Although the brand's status quo line is public-facing and emblazoned on the bikes, after hearing Mike's perspective, it seems to operate more as an internal motto for the Factor team, an overarching goal, and even a talisman of sorts. It sure beats a rabbit's foot.

Our conversation shifts to Rob's influence and outsize impact on the wider industry, his revered skill at making bikes that move the needle, and his willingness to give his designers free rein. "Oh man, yeah, he's always telling us to go deep and push it, to find perfection in every little thing," says Mike. "It's fantastic. He's an icon!" Mike also mentions the positive influence of ex-Cervelo engineer Graham Shrive, Factor's Director of Engineering since 2019. "As a team, between me, Graham, my gifted designer-colleague Stu Munro and Rob, we have incredible fun making bikes."
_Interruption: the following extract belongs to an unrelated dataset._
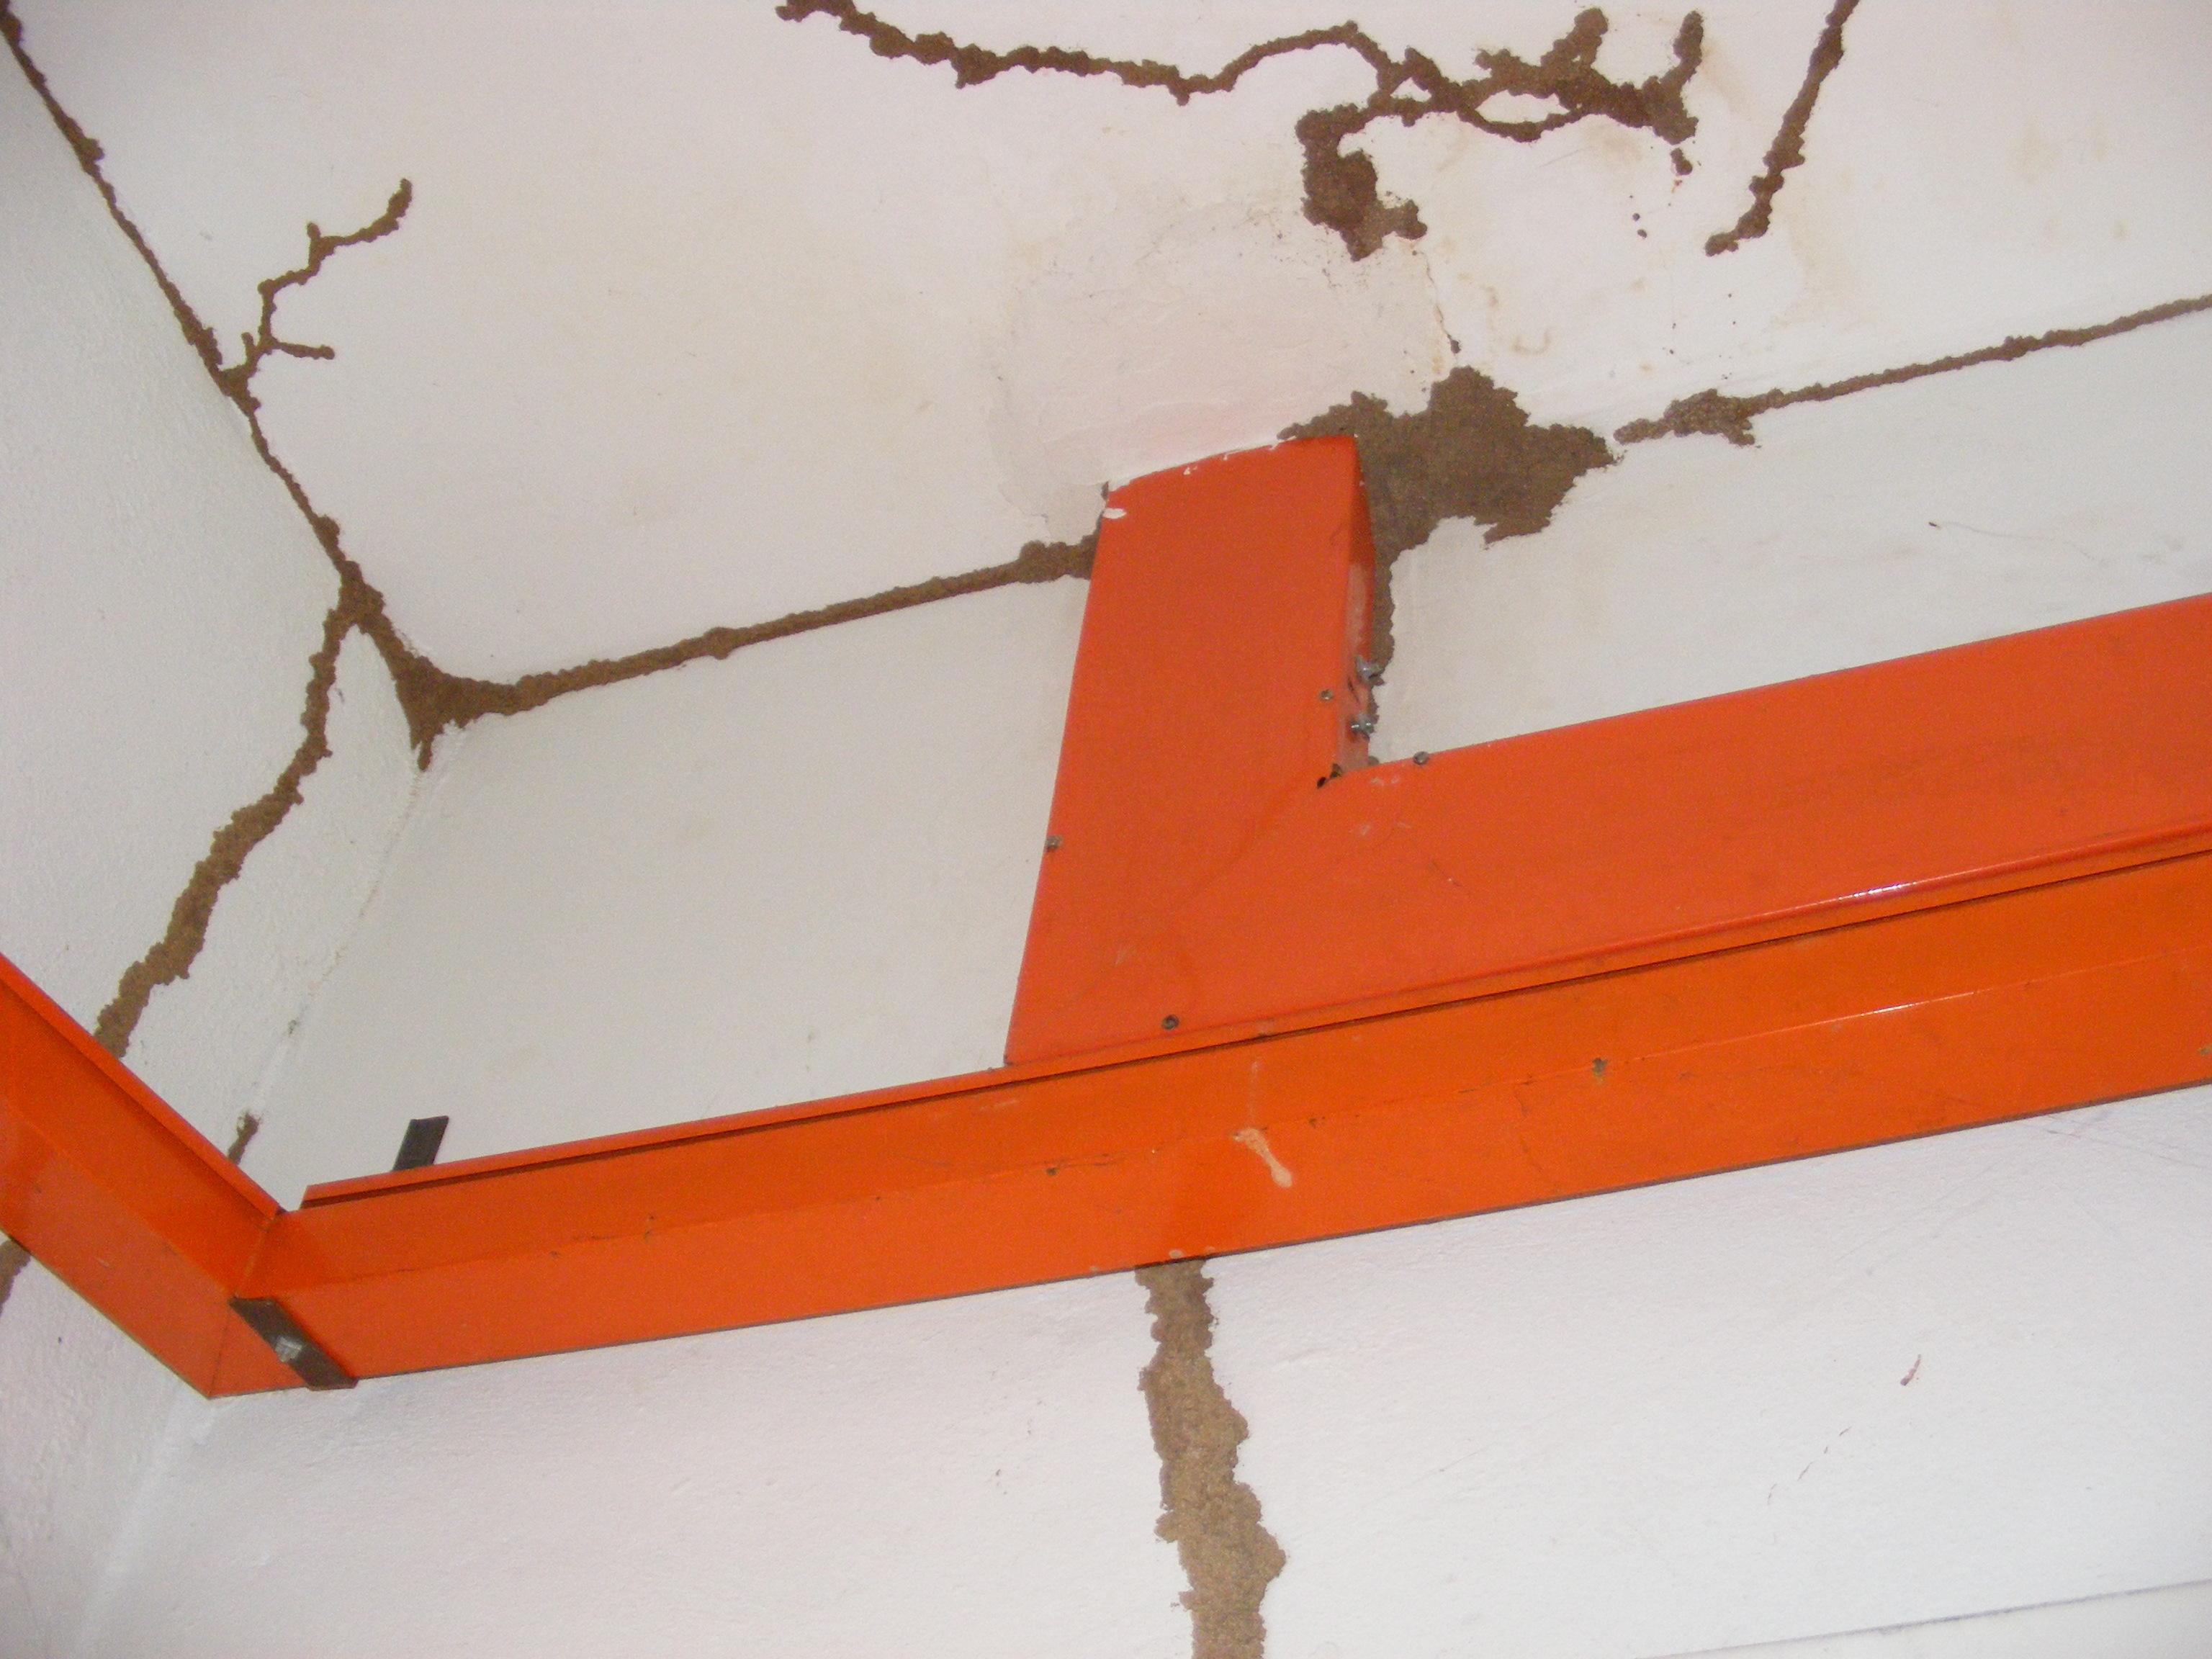 ALNASS Pest Control & Hygiene - Termite Mud Tubes
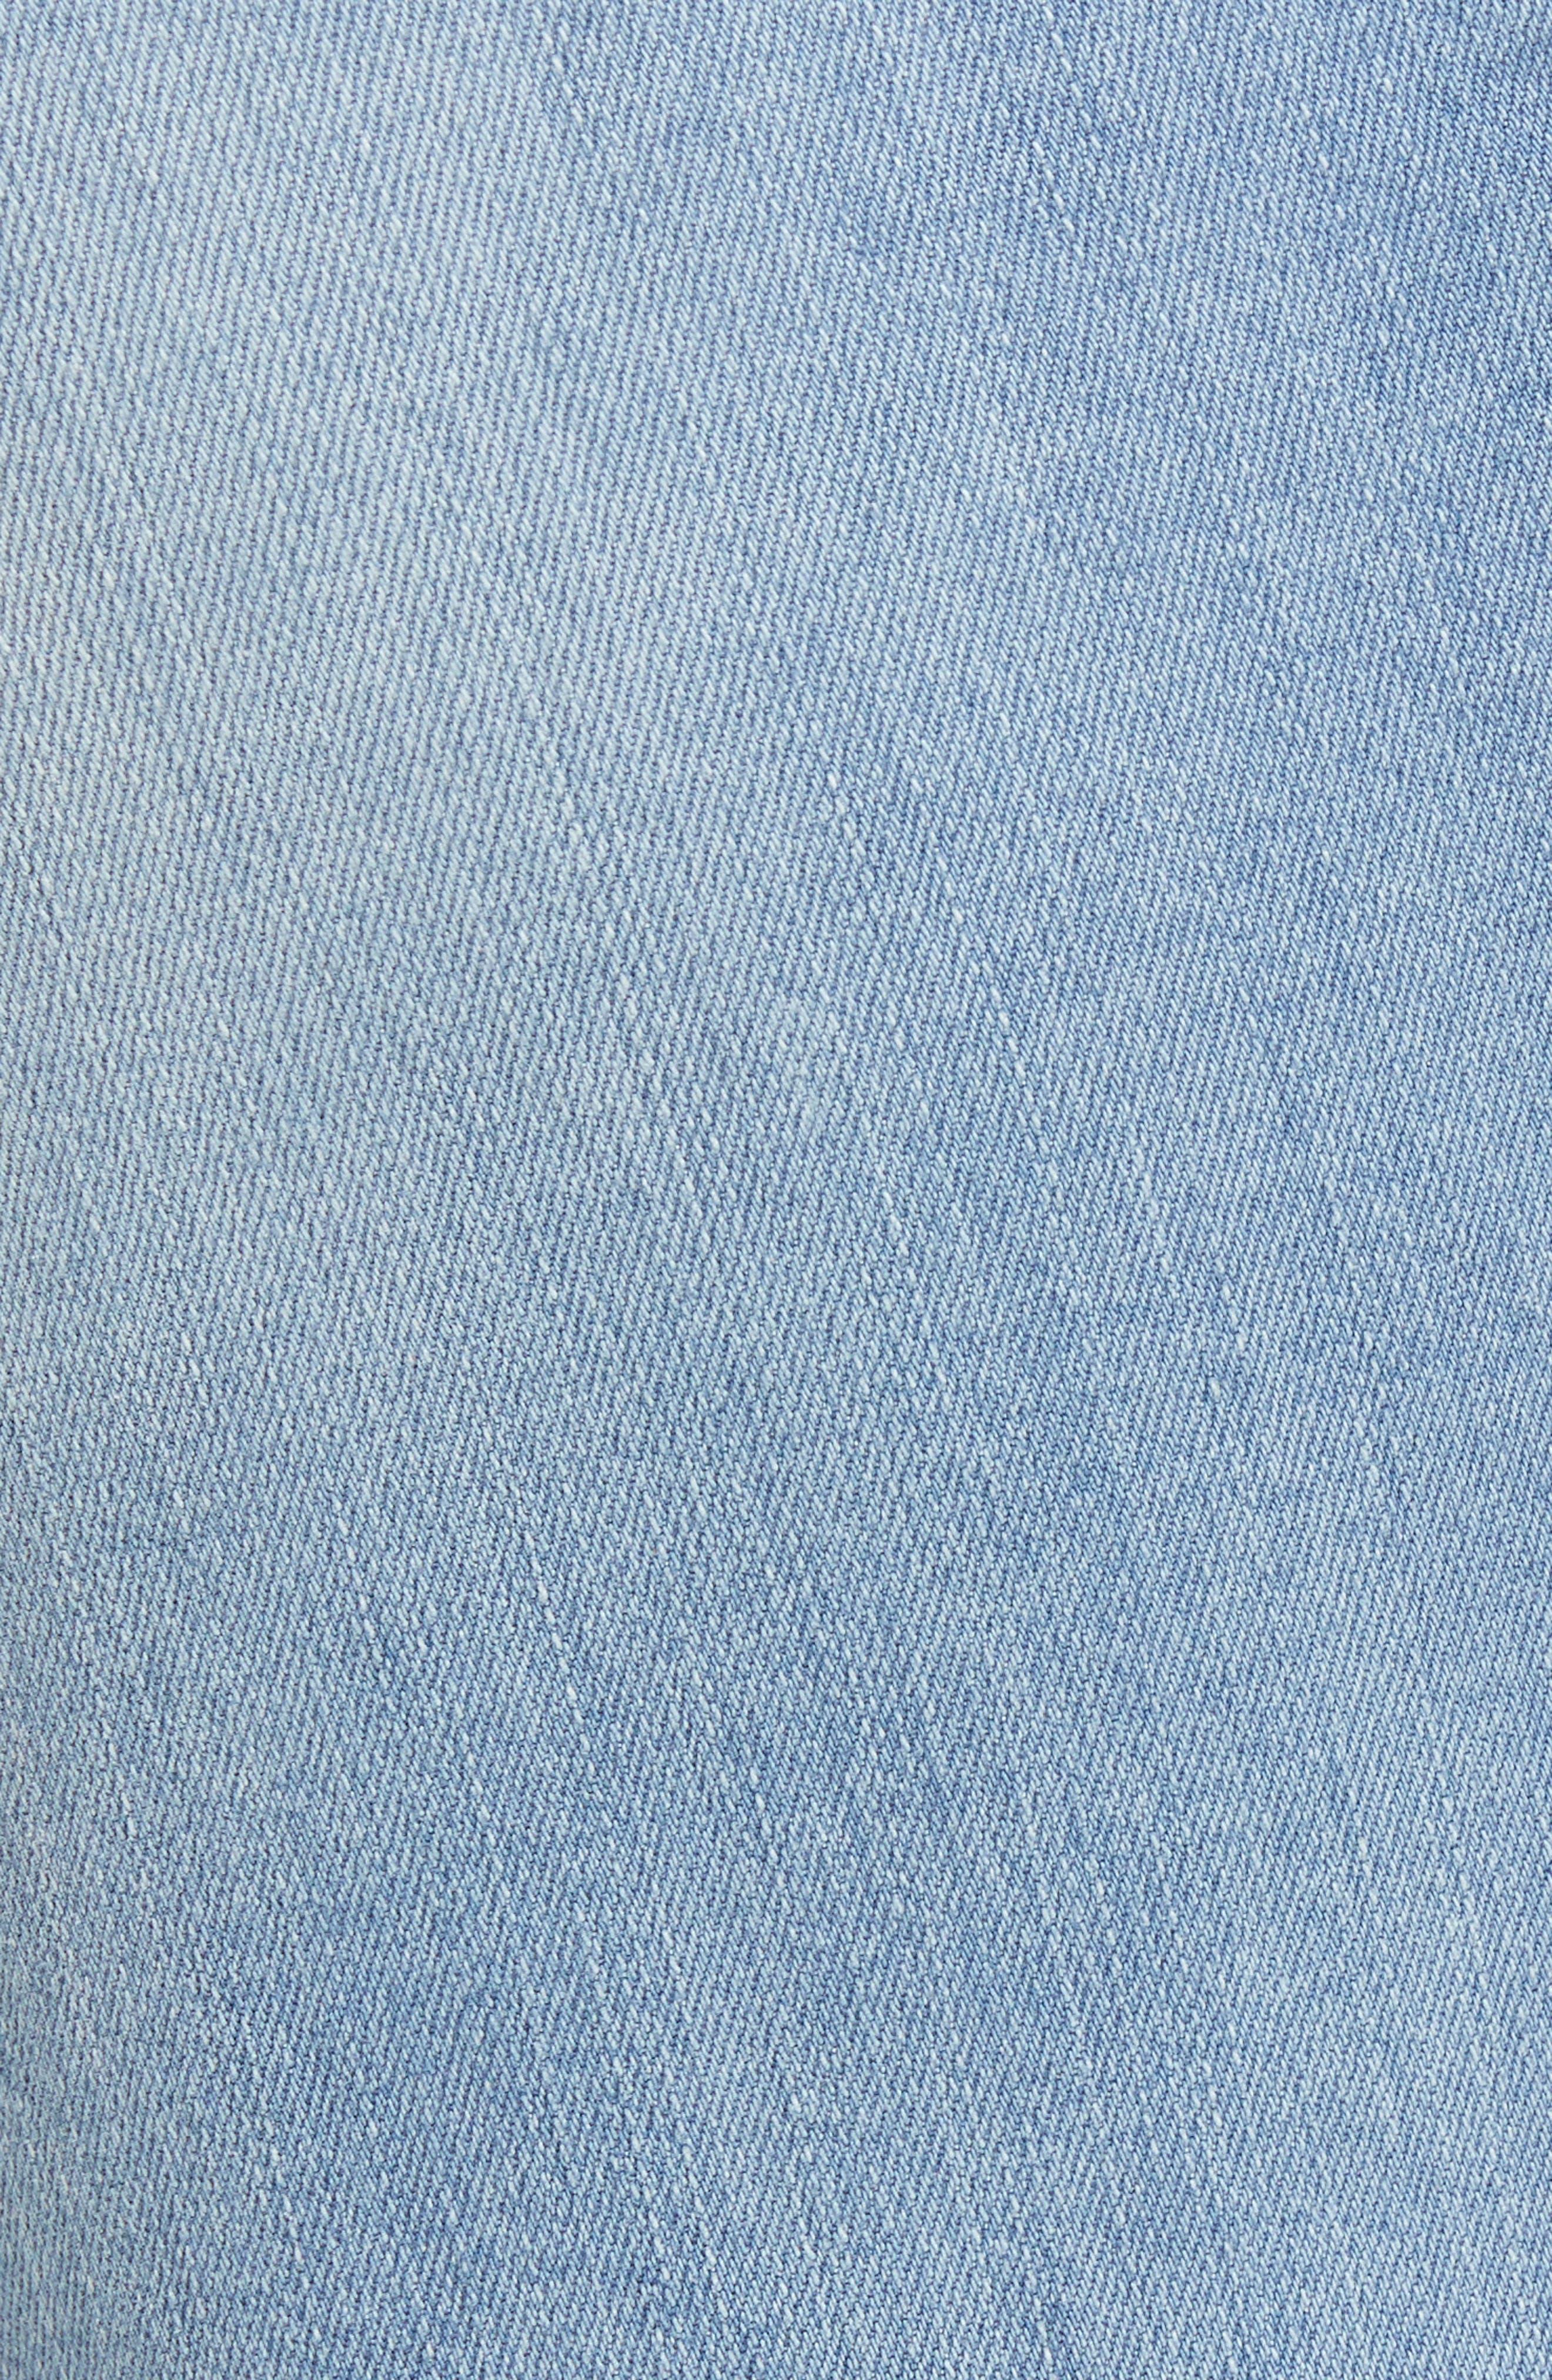 Lea Boyfriend Ripped Jeans,                             Alternate thumbnail 6, color,                             420

Of course, the other element that gives Factor a clear advantage over other 'mass market' brands is its production base: Factor has its own factory and reaps the myriad benefits of supply, materials, round-the-clock iterations and so forth that not having to outsource your production to a third party brings. "We can work to put things in place and take risks in real-time, cutting tools for a new part to see what happens, for example, without having to communicate with another company that, with the best will in the world, is not going to have our best interests at heart, or even have the capability to react with the high level of agility we are used to," notes Mike.

To finish off our chat on the dirt where it began, I ask Mike where he thinks gravel bikes are heading. "Given the profile gap between your aero-heavy Unbounds and the more technical and twisty courses, I think we'll see different weapons for different races," he says. "Gravel isn't new, but it's still taking shape and branching off into different segments. Wherever it goes, though, we'll still ask the same question: why not be faster?"